7-10 = ok sleep quality.
>10 = poor sleep quality.
We will place our results into a frequency table and then calculate the mean of each group.
We will plot this mean onto a bar chart.
We will then carry out the Mann-Whitney U test and find out whether or results are significant or not.
Issues of validity
Since our participants aren’t randomly selected, our sample may be seen as unrepresentative.
This could affect our results.
Although all our participants are very different from one another, they all live in relatively similar areas.
Our sample is therefore mainly representative of people within the area of Weston.
We don’t know how accurate this sample is of the wider population; therefore, our findings can’t be generalised.
Confounding variables affect the outcome of a study.
Since our study is a quasi-experiment, there’s a significantly higher risk of confounding variables compared to other types of experiments.
Since the variable isn’t manipulated, we can’t prove that it’s age that’s affecting our participants quality of sleep.

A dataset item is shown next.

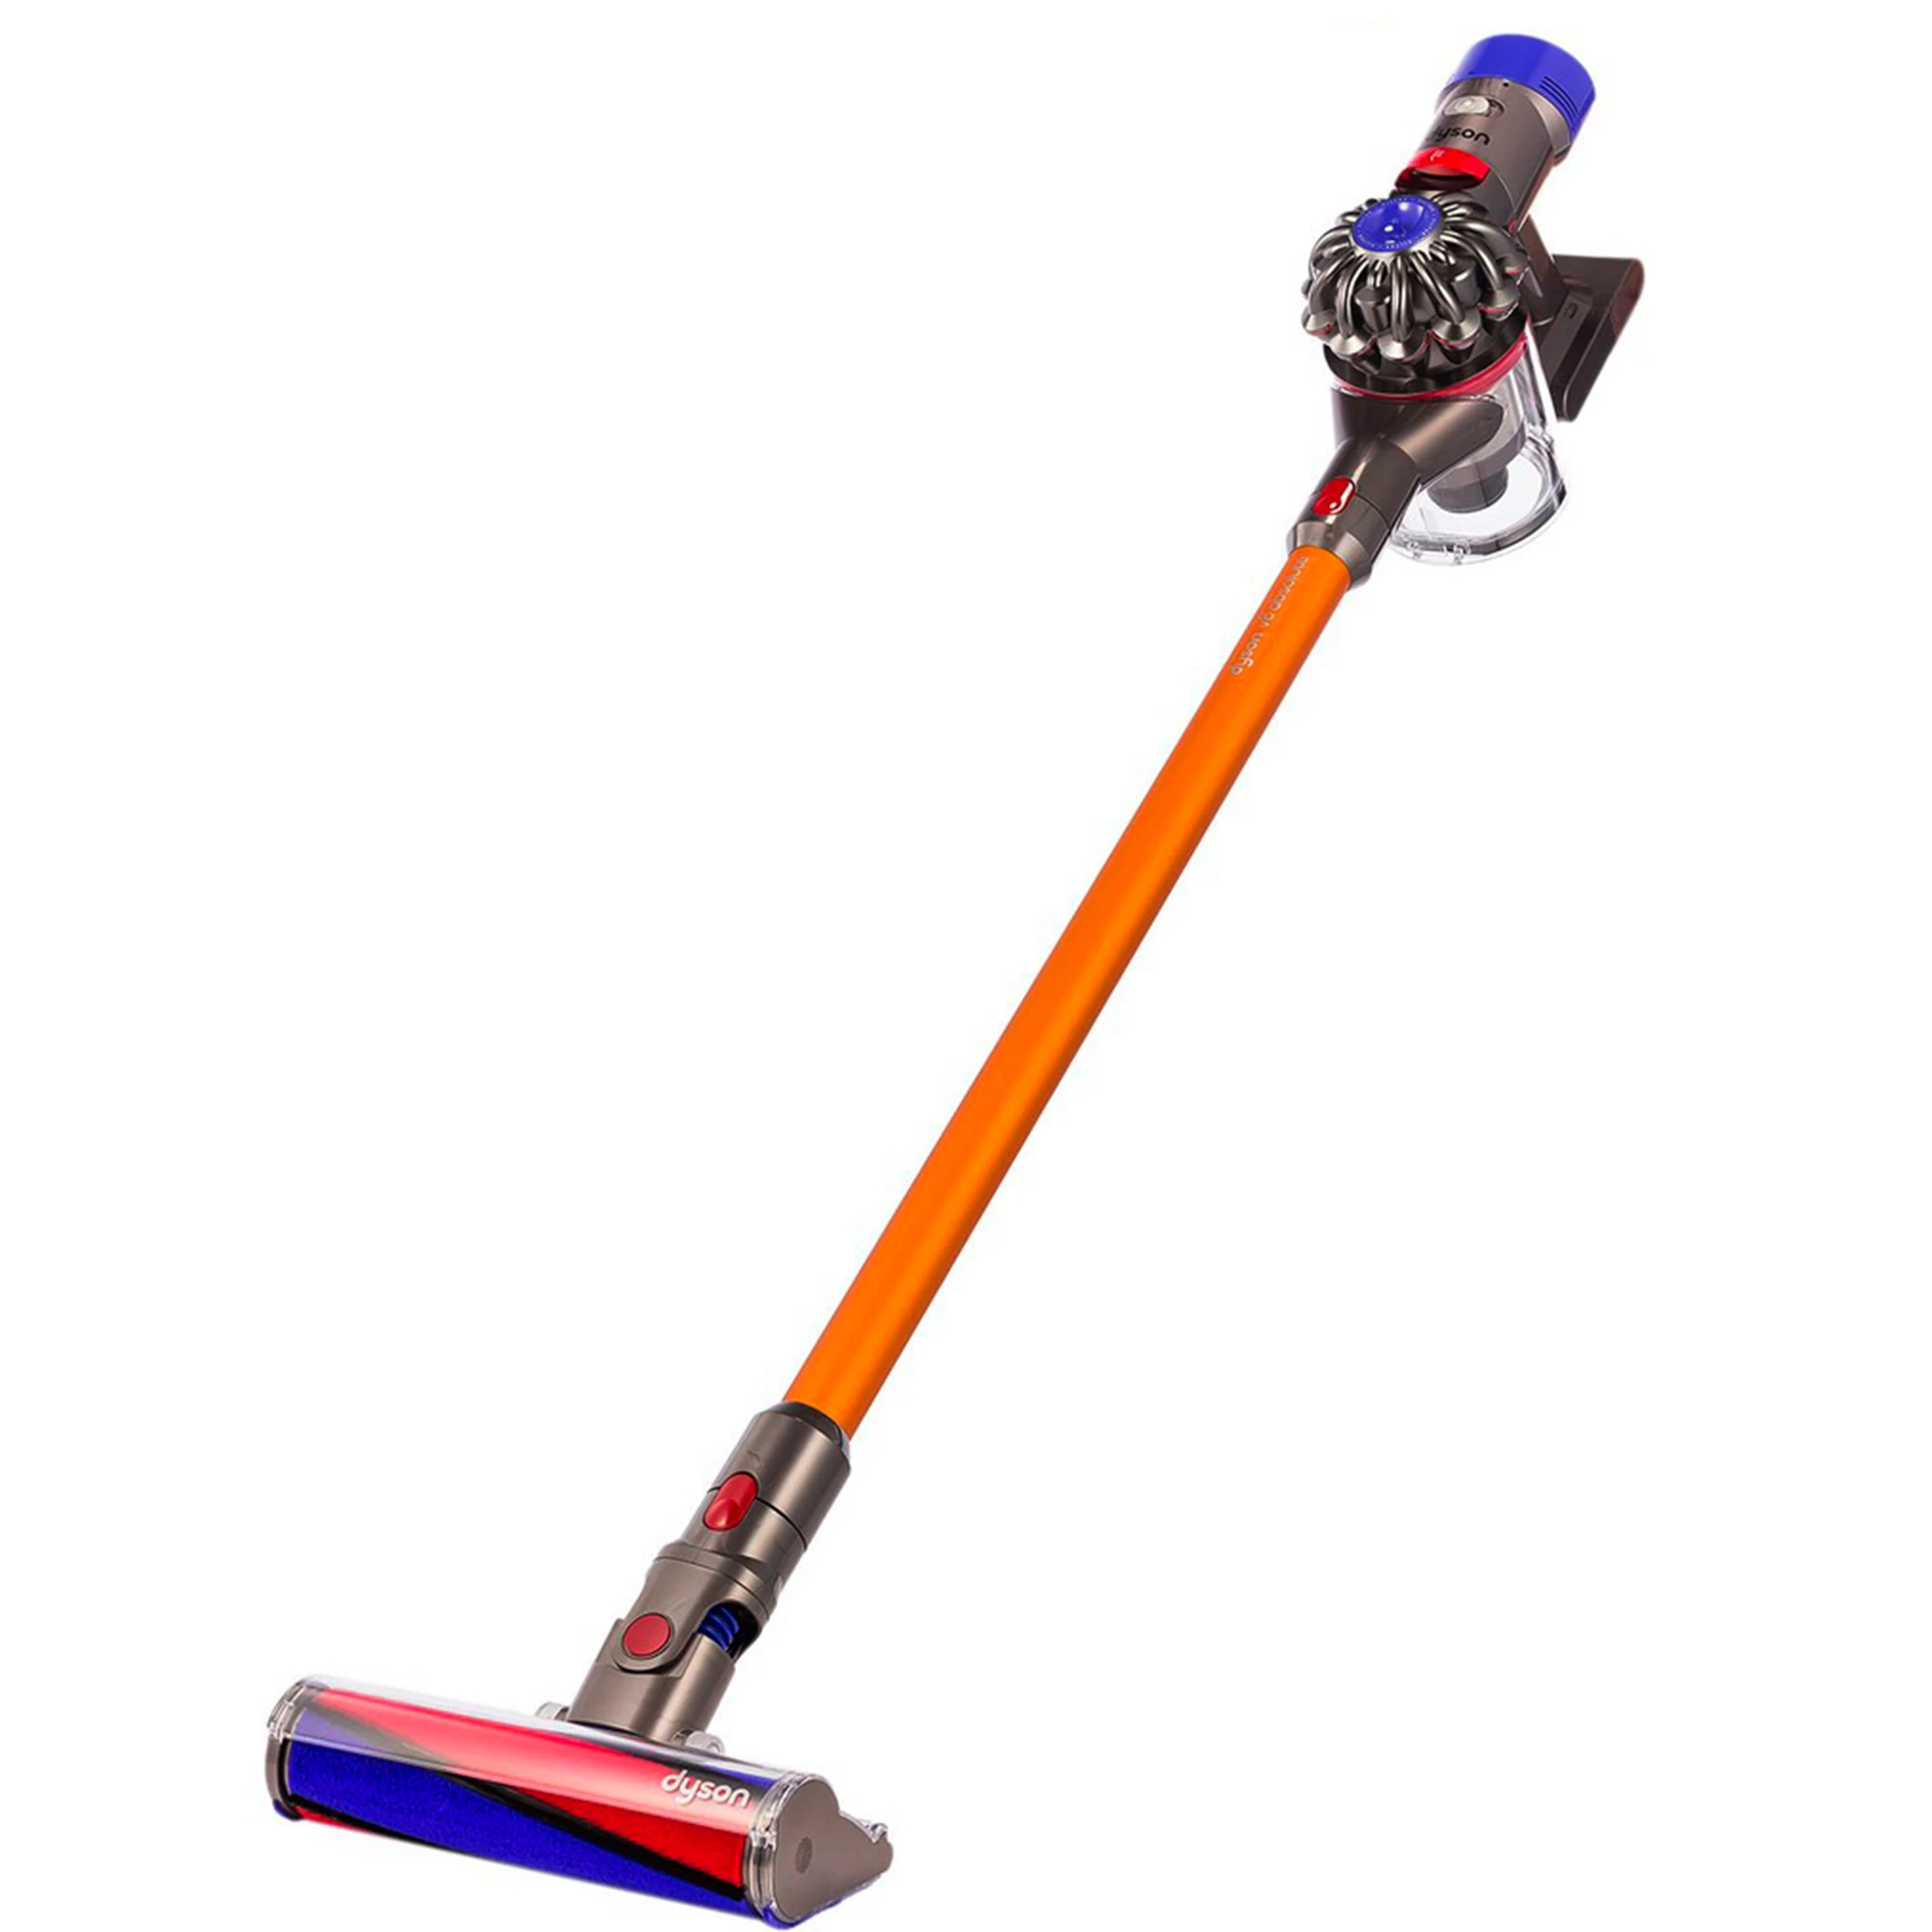 Absolute 8. Пылесос Dyson v8 absolute. Беспроводной пылесос Dyson v8 absolute. Пылесос Дайсон беспроводной v8. Пылесос вертикальный Dyson v8 absolute+.
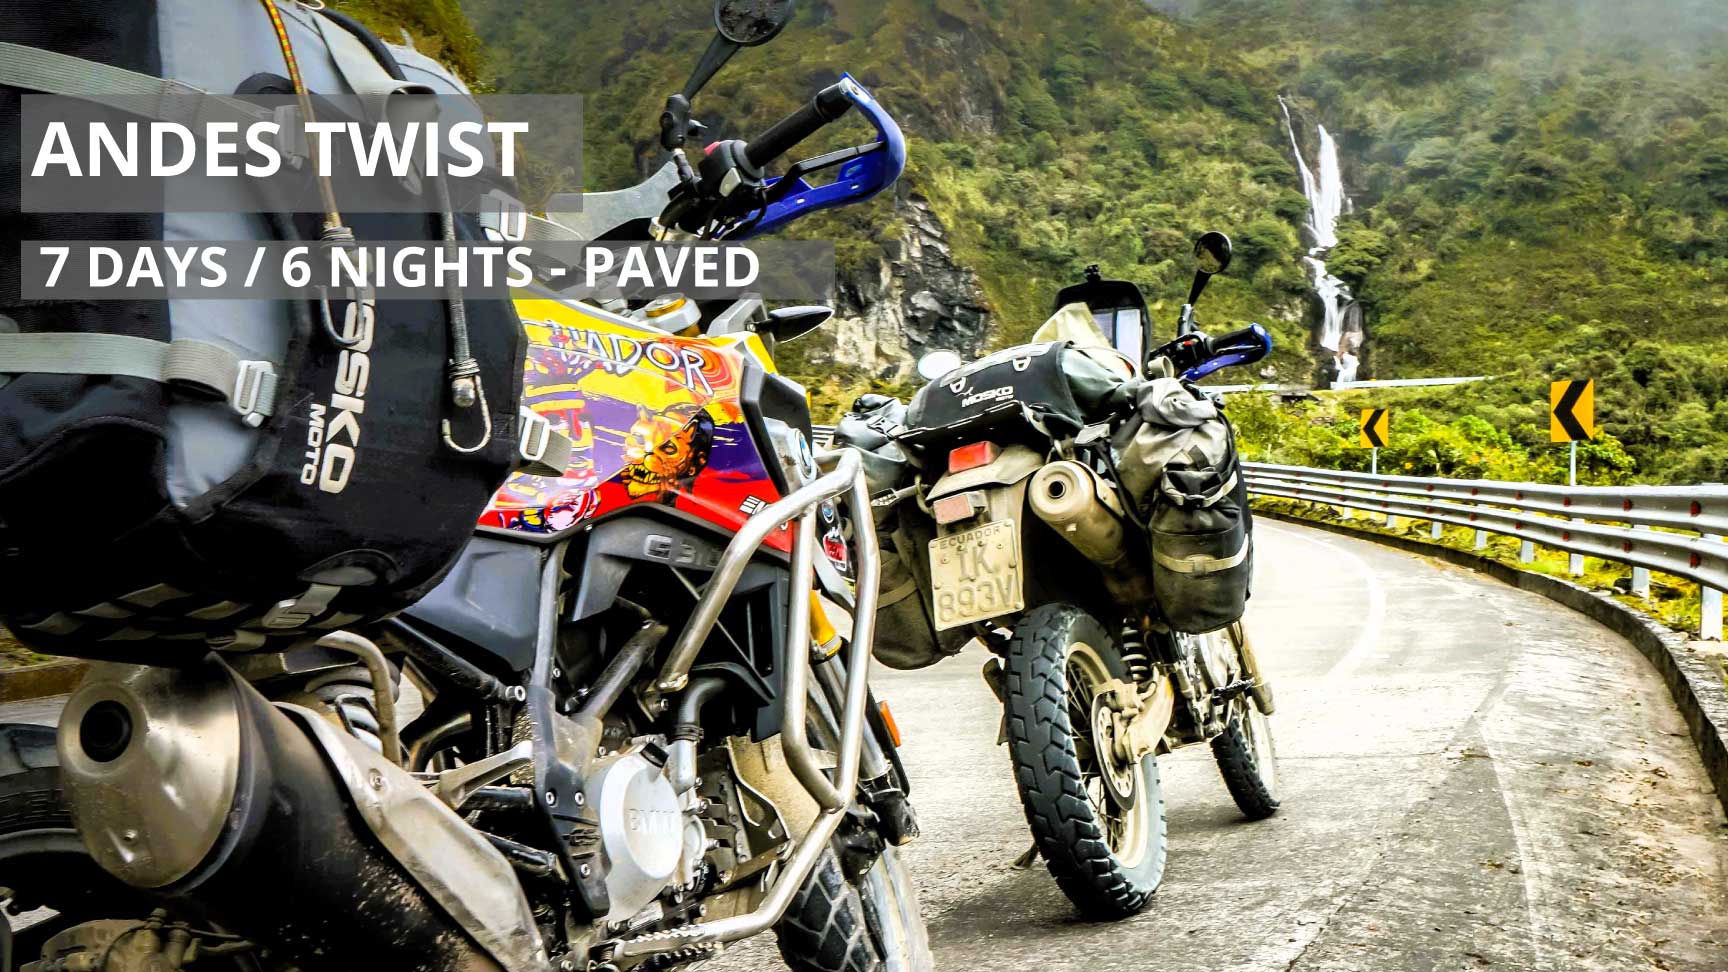 Self-Guided Andes Twist Motorcycle Tour

This affects the internal validity of our study.
Ways we ensured validity
We increased our sample size to get as much of a wide range of participants as possible.
By doubling the sample size, from 5 in each group to 10, it increases the validity of our study.
All of our participants will follow the same set of standardised instructions and procedures.
This ensures that there isn’t any deception or researcher bias.
To limit the impact of confounding variables, we’ve written and included questions in our Sleep Quality Assessment that encompasses the key confounding variables of our study.
For example, medication and stress levels.
By including these questionnaires in our assessment, we’re able to acknowledge any data that may be affected by the variables and apply to this our findings.
Issues of reliability
Our questionnaire is self-reported.
Therefore, the data may be biased since people’s memory and perception over the course of the last month may be inaccurate.
As our study was conducted over a short period of time, it’s difficult to guarantee external reliability.
Our research doesn’t prove that the difference between the two variables will be consistent over time.
Ways we ensured reliability
We based our Sleep Quality Assessment on the Pittsburgh Sleep Quality Index (PSQI).
This increases the reliability of our study since there’s already a sleep measurement tool similar to ours that works.
The participants will all follow the same set of standardised instructions.
This increases the internal reliability of our study as all participants will be completing identical questionnaires.
To keep the issues with external reliability to a minimum, we conducted our study for as long as possible.
If we were to conduct out study for any longer than a month, people’s perceptions would be even more altered.
This would make our findings less accurate and our conclusions therefore meaningless.